Functions in WHERE clauses — WHERE LOWER(name) = 'john' — force a full table scan because the database must evaluate the function for every row. Workaround: use a generated column or store the lowercased value in a separate index. Another example: WHERE DATE(created_at) = '2024-01-01' — same problem. Use range conditions as shown earlier.
Step 4: Pagination — LIMIT/OFFSET Is a Trap
LIMIT 10 OFFSET 100000 is slow. The database still scans 100,010 rows to find the last 10. The Reddit community recommends keyset pagination (also called seek method) using a WHERE id > last_seen_id ORDER BY id LIMIT 10. This uses the primary key index and returns results in constant time regardless of offset. For unordered pagination, use a stable sort column with a unique index.

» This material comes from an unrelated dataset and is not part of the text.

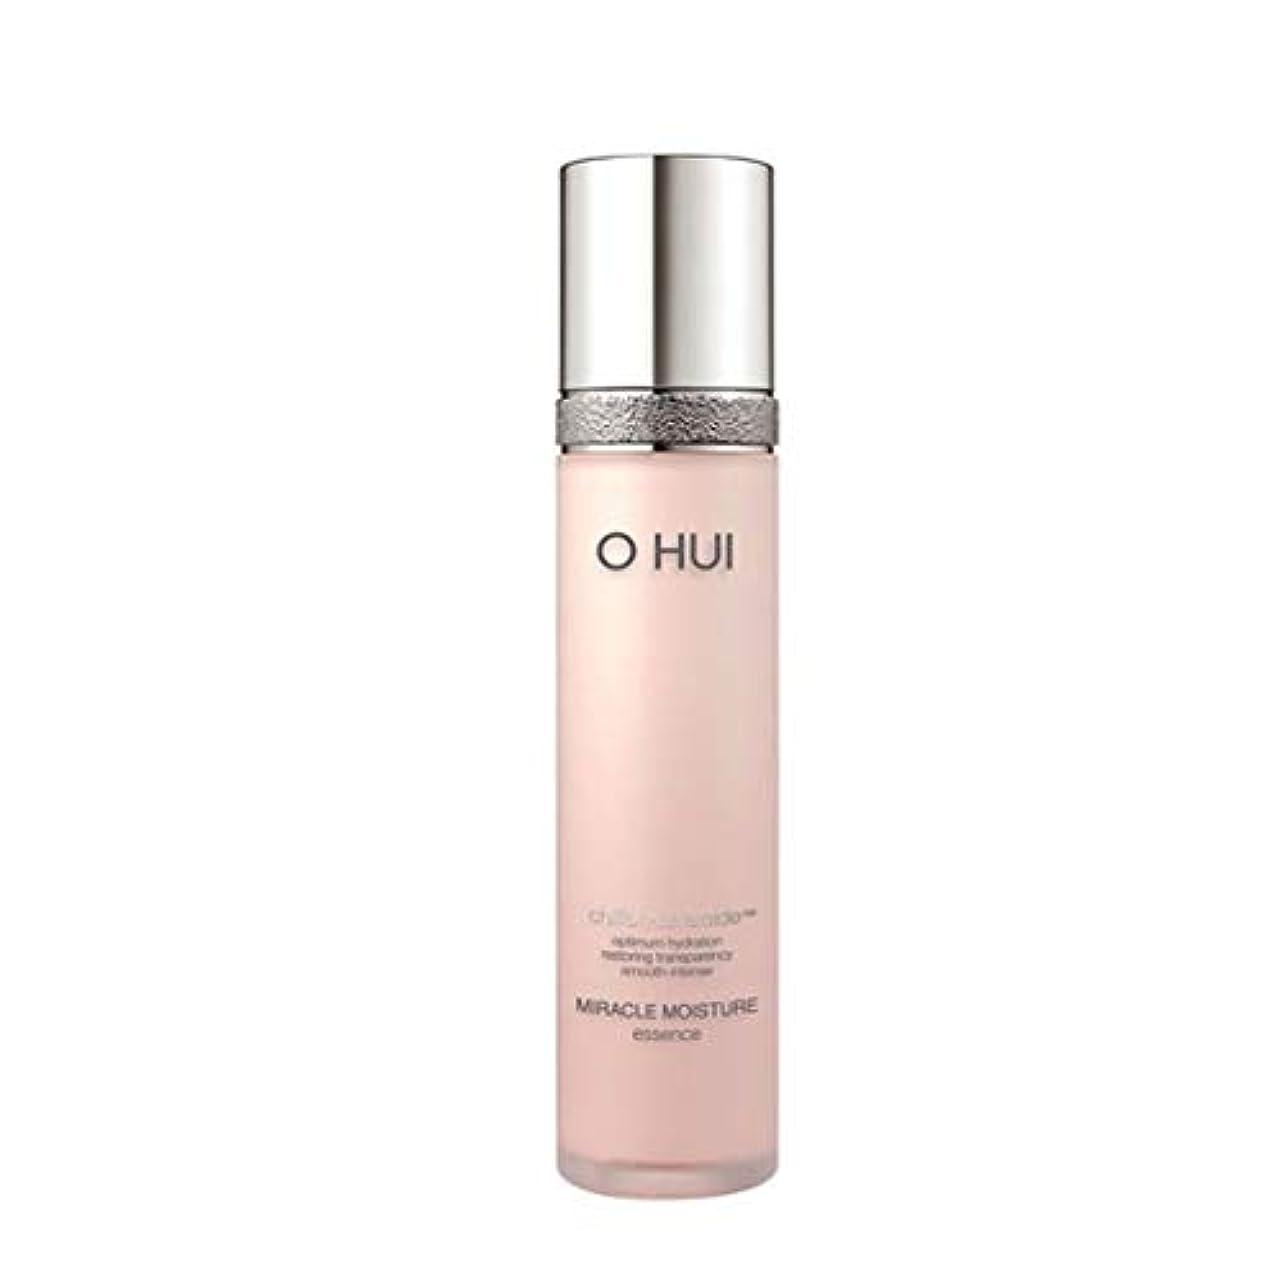 速度一杯モルヒネオフィミラクルモイスチャーエッセンス45ml韓国コスメ、O Hui Miracle Moisture Essence 45ml Korean Cosmetics [並行輸入品]

Step 5: Partition Large Tables by Date or Key
When a table exceeds 50 million rows, partitioning becomes necessary. Range partitioning by a date column lets queries that filter on date BETWEEN '2024-01-01' AND '2024-01-31' hit only one partition instead of the whole table. The overhead is minimal: partition pruning happens at query planning. The tradeoff is slightly more complex schema management. But for reporting tables with billions of rows, it is the only viable option outside of columnar storage.
Step 6: Materialized Views for Complex Aggregations
Aggregate queries on large tables — SELECT COUNT(*), AVG(price) FROM orders GROUP BY region — are slow because they scan the entire table. A materialized view stores the pre-computed result. Refresh it periodically. The cost shifts from every query to a scheduled maintenance window. Reddit users caution: do not overuse materialized views on rapidly changing data. The staleness tolerance must match the business need.
Measurement Before Tuning — The Golden Rule
The final and most important step is measurement. Run the query with EXPLAIN (ANALYZE, BUFFERS) to capture actual timing and buffer hits. Then apply one change at a time. Rerun EXPLAIN. Compare. The Reddit community has seen developers add five indexes at once and then complain that performance did not improve. (Of course it did not — they could not isolate the effect.) Use pg_stat_statements or equivalent to track cumulative execution time.
Conclusion
Optimizing slow SQL on large tables is not about guessing. It is a systematic process: measure, identify full scans, add compound indexes, rewrite queries to avoid functions, use keyset pagination, partition, and cache with materialized views. The database community has proven these steps work on tables with hundreds of millions of rows. (They work on 10 million too.) The difference between a query that runs in two minutes and one that finishes in 200 milliseconds is exactly this methodology. Start with EXPLAIN. End with a measured improvement.
No shortcuts. No silver bullets. Just better queries.